Tries and Applications

String Matching
- starting from a text T, i.e. a string composed of letters in the alphabet A
- find occurrences of a pattern P, i.e. another string composed of letters in the alphabet A
- inside T, the pattern string P could occur many times
  (some occurrences of P could even overlap over other occurrences of P)
- variations of the problem could include "wildcard characters", GREP patterns, etc.
String Matching starting from a static (possibly very large) text string P
- goal: to search for the string P in the string T, we would like to:
- spend no more than O(P) time to search the data structure
- using no more than O(T) space to maintain the data structure in memory

Recall that BST can be extremely unbalanced, and the shape of a BST is determined by the order in which its data records are inserted, a result of object space decomposition.

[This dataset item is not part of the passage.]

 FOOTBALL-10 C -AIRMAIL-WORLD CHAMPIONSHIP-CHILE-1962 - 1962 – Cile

Alternative to object space decomposition is to predefine the splitting position within the key range for each node in the tree. So the root could be predefined to split the key range into two equal halves, regardless of the particular values or order of insertion for the data records.

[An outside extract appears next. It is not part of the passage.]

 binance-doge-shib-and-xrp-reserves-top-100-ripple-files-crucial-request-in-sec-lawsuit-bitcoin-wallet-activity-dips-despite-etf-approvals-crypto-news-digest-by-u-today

A tree data structure based on key space decomposition is called a trie (pronounced as "try"). A trie stores data only in leaf nodes.
A trie is called a binary trie when the trie structure is based on the value of the key interpreted as a binary number (Huffman coding tree is an example of a binary trie). The binary value of the key determines whether to select the left or right branch at any given point during the search. The most significant bit determines the branch direction at the root.

See an example of binary trie:
Alphabet trie (compressed trie)
A compressed trie is space optimized: if a node is the only child of its parent, merge the node with the parent.